I use the above in the below, and don't improve apon your dict. I would encourage you read @MathiasEttinger's answer about improving dict.

import strings

lower = string.ascii_lowercase
upper = string.ascii_uppercase
ascii = string.ascii_letters

def encrypt(data, key):
    buff = list(data)
    for index, char in enumerate(buff):
        if char in ascii:
            letters = lower if char in lower else upper
            buff[index] = letters[(letters.find(char) + key) % 27]
    return ''.join(buff)

def decrypt(data, key):
    return encrypt(data, -key)

def assume_key(file_handler, letter='e'):
    alph = dict(a=0,b=0,c=0,d=0,e=0,f=0,g=0,h=0,i=0,j=0,k=0,l=0,m=0,n=0,o=0,p=0,q=0,r=0,s=0,t=0,u=0,v=0,w=0,x=0,y=0,z=0)

    for line in file_handler:
        for char in line:
            alph[char.lower()] += 1

    maximum = max(dict.iteritems(), key=(lambda item: item[1]))[0]
    return lower.find(maximum) - lower.find(letter)

# Encrypt file
key = 8
with open('unencrypted.txt','r+') as unencrypted_file,
     open('encryptedmessge','w') as encrypted_file:
    for line in unencrypted_file:
        encrypted_file.write(encrypt(line, key))

# Decrypt file
with open('undecrypted.txt','r+') as undecrypted_file:
    assumed_key = assume_key(undecrypted_file)

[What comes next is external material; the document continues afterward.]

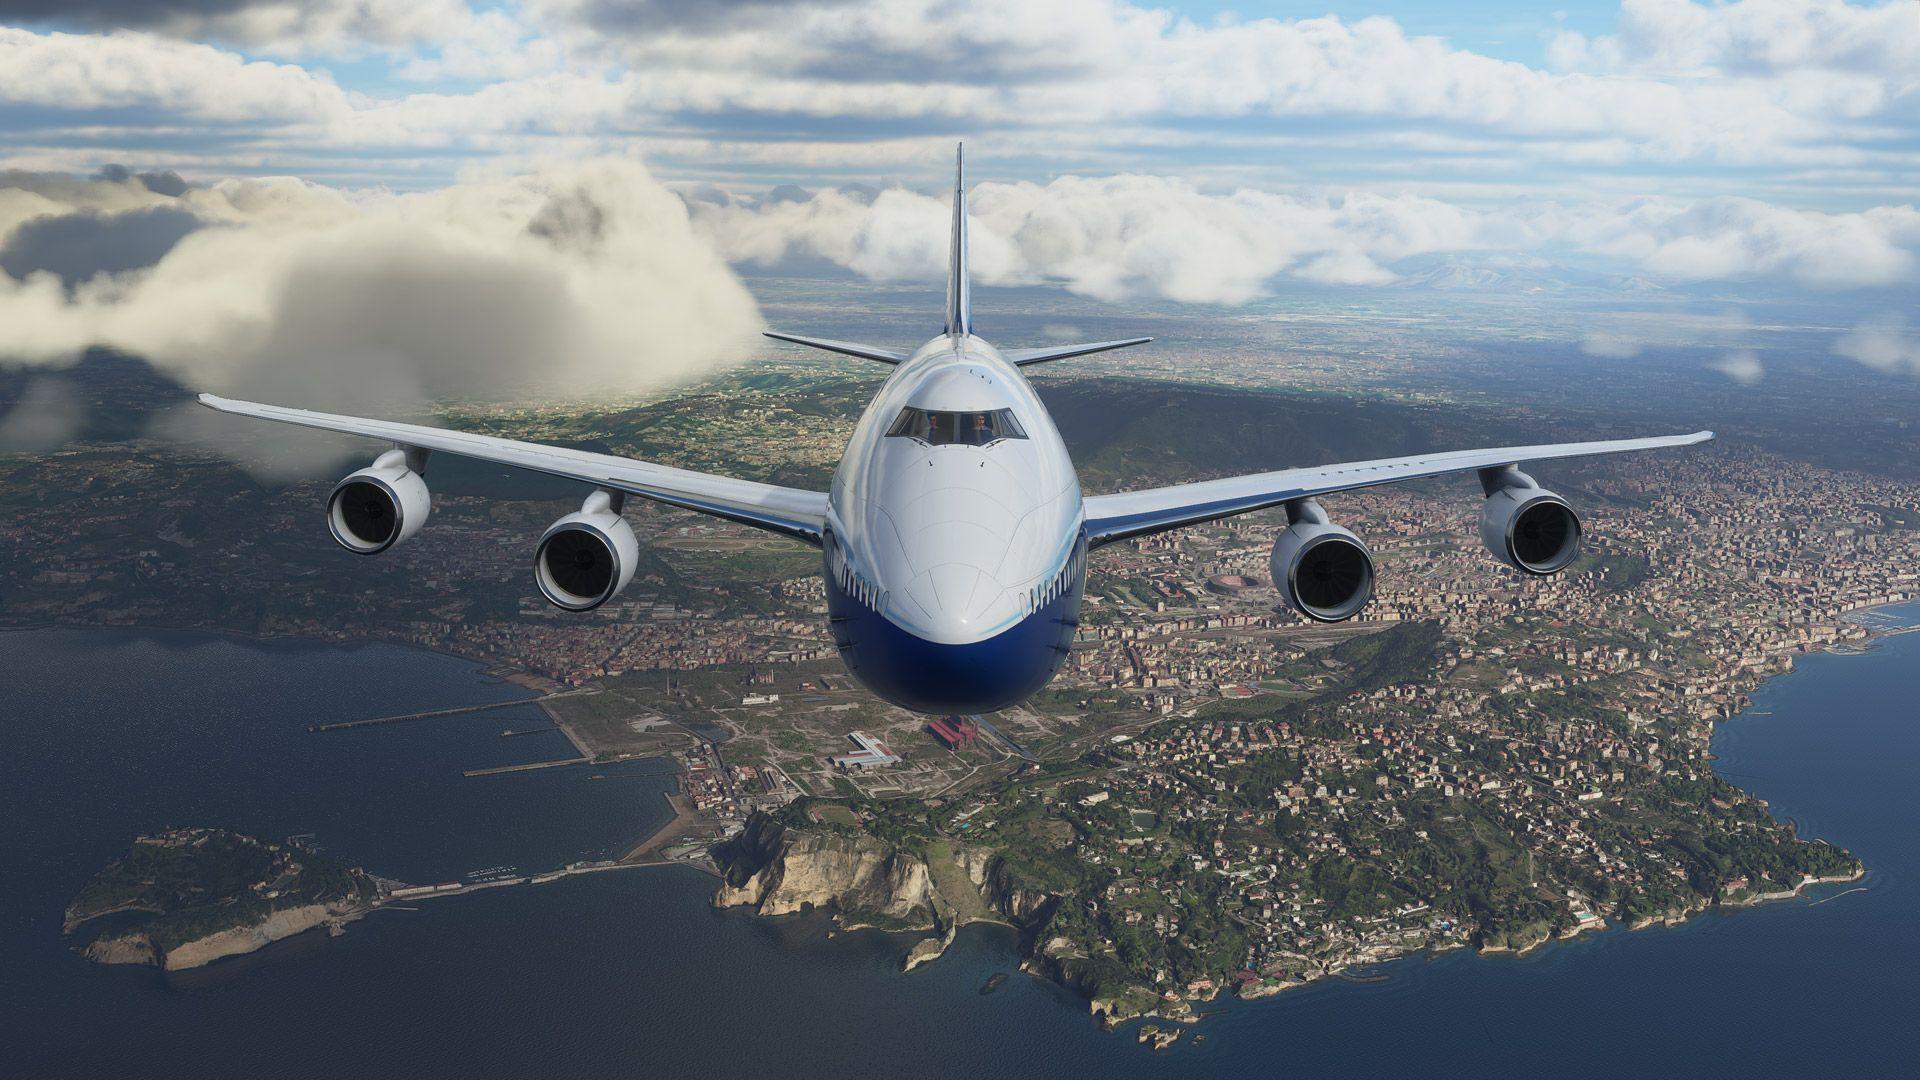 Microsoft Flight Simulator Update 1.16.2.0 Patch Details

with open('undecrypted.txt','r+') as undecrypted_file,
     open('decryptmessage','w') as decrypt_file:
    for line in undecrypted_file:
        decrypt_file.write(decrypt(line, assumed_key))

There may still be a few errors with file handling.

Also, I changed lower.find(maximum) - lower.find('e') as whilst 'e' is the most common letter in English, you can do file_data.replace('e', '') or purposely leave of the 'e's so that your decrypt will not work. To fix this you may want to append the most common letter to the end of the encrypted file or something.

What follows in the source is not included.